• **Your assignment**: Copy each entry below verbatim. Skip the pictures.

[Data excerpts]
━━━
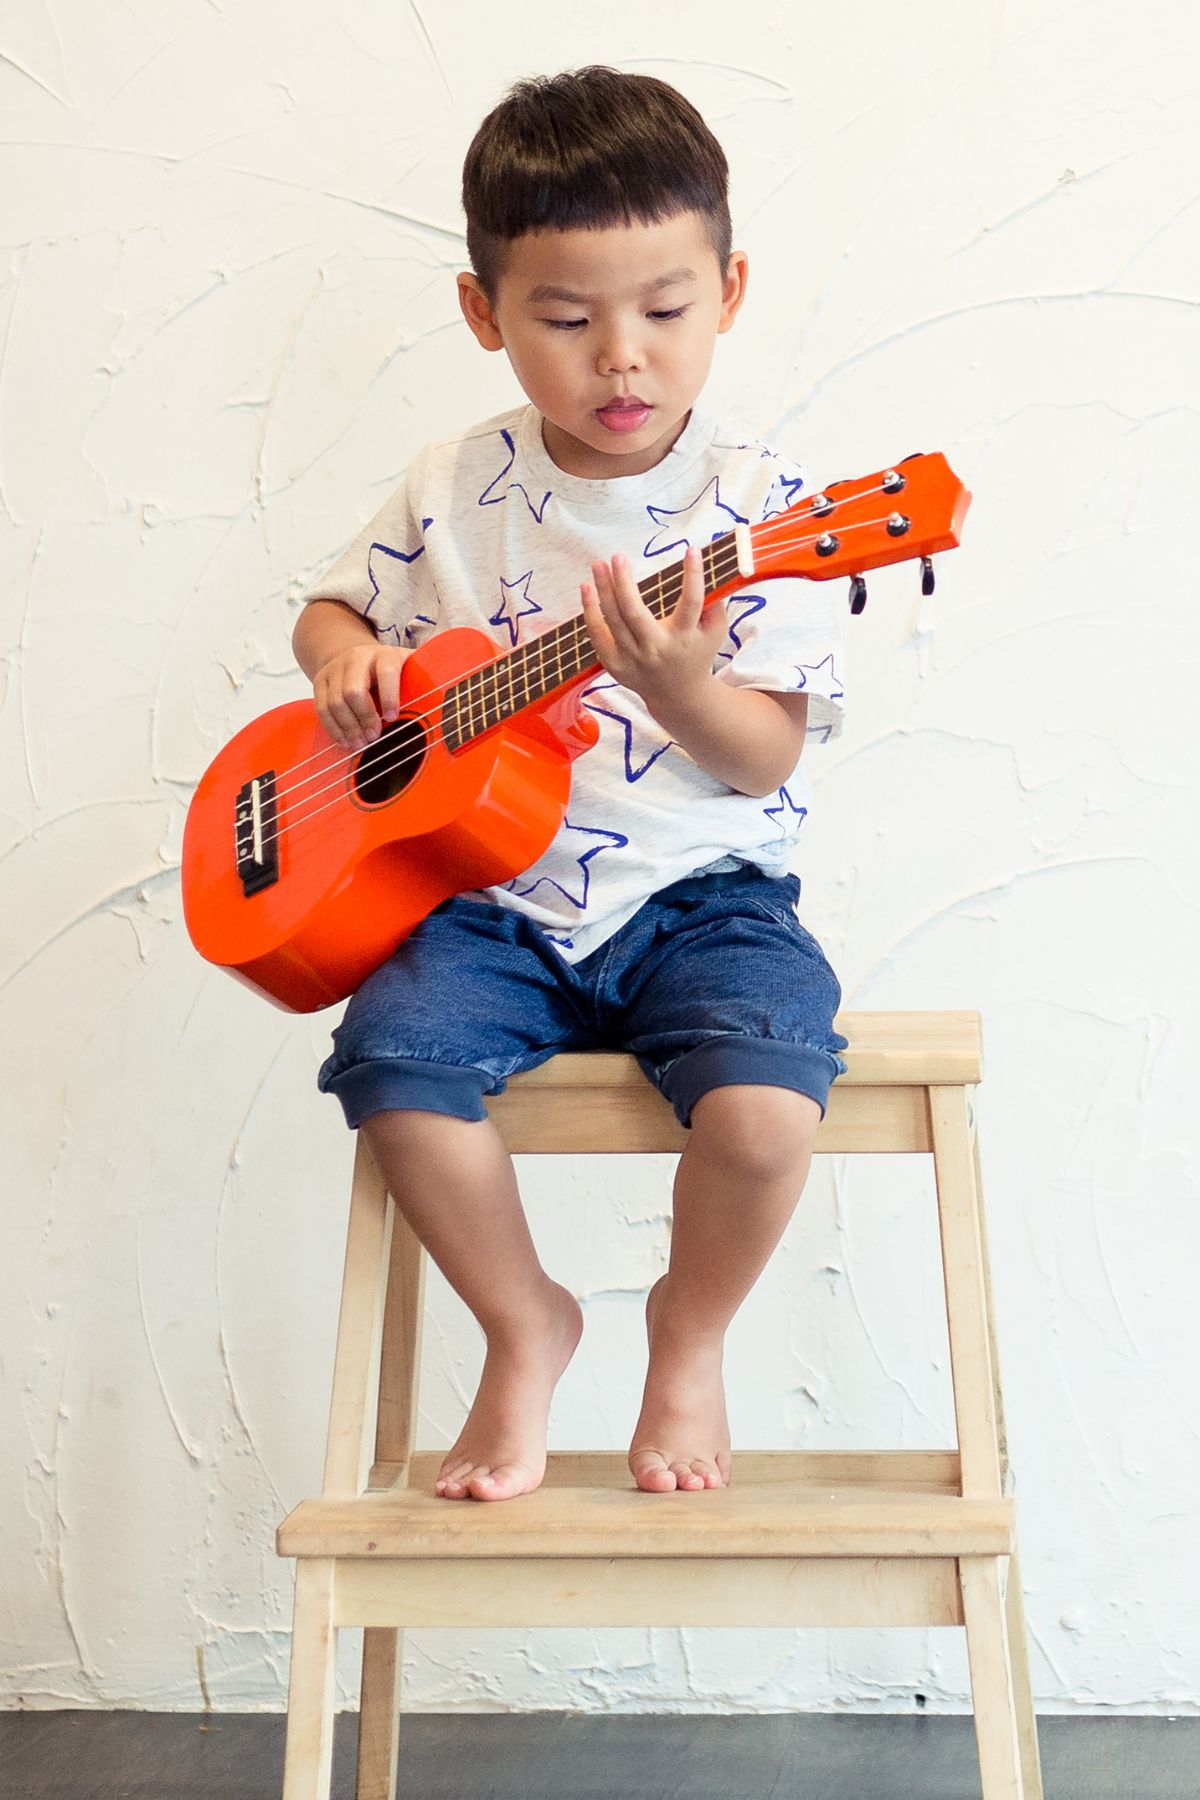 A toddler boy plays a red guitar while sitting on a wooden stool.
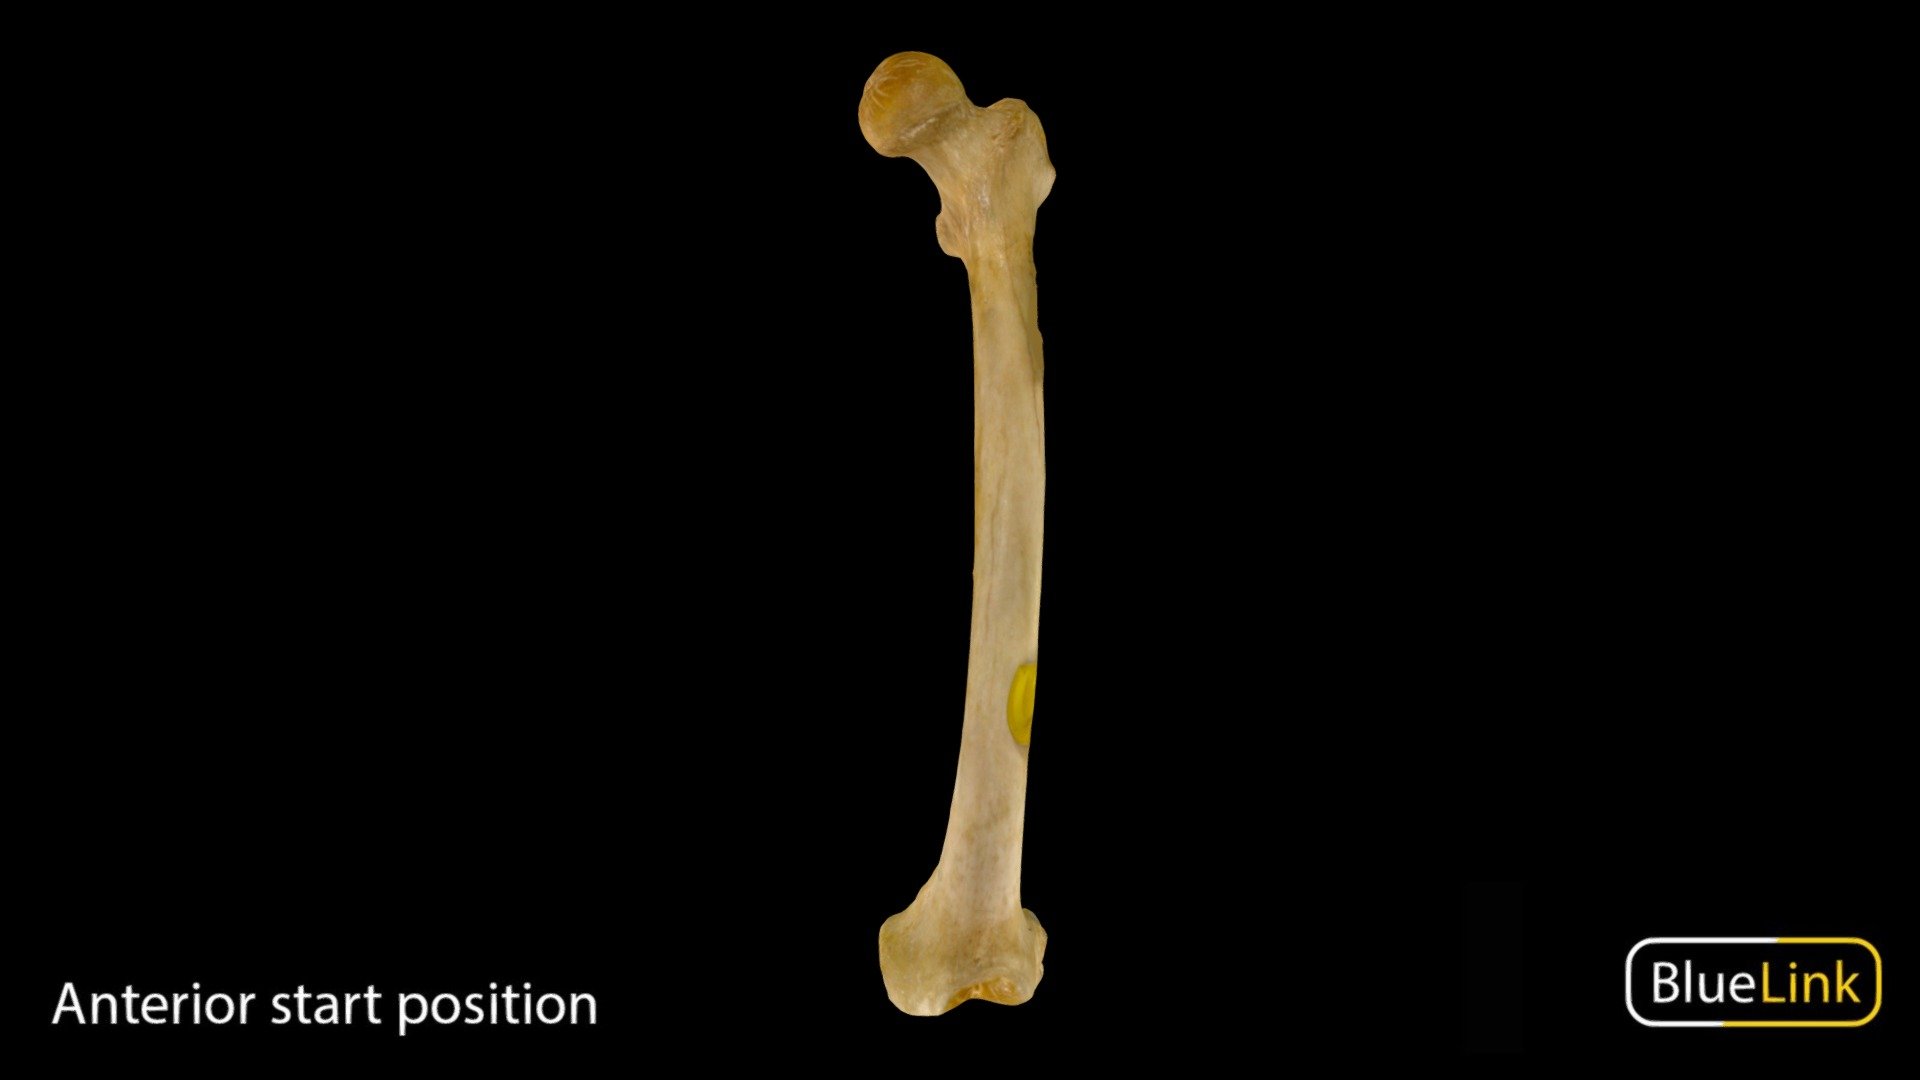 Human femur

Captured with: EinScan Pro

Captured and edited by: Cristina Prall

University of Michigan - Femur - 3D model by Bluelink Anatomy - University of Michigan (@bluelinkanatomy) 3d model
━━━
• **Written response**:
 A toddler boy plays a red guitar while sitting on a wooden stool.
 Human femur

Captured with: EinScan Pro

Captured and edited by: Cristina Prall

University of Michigan - Femur - 3D model by Bluelink Anatomy - University of Michigan (@bluelinkanatomy) 3d model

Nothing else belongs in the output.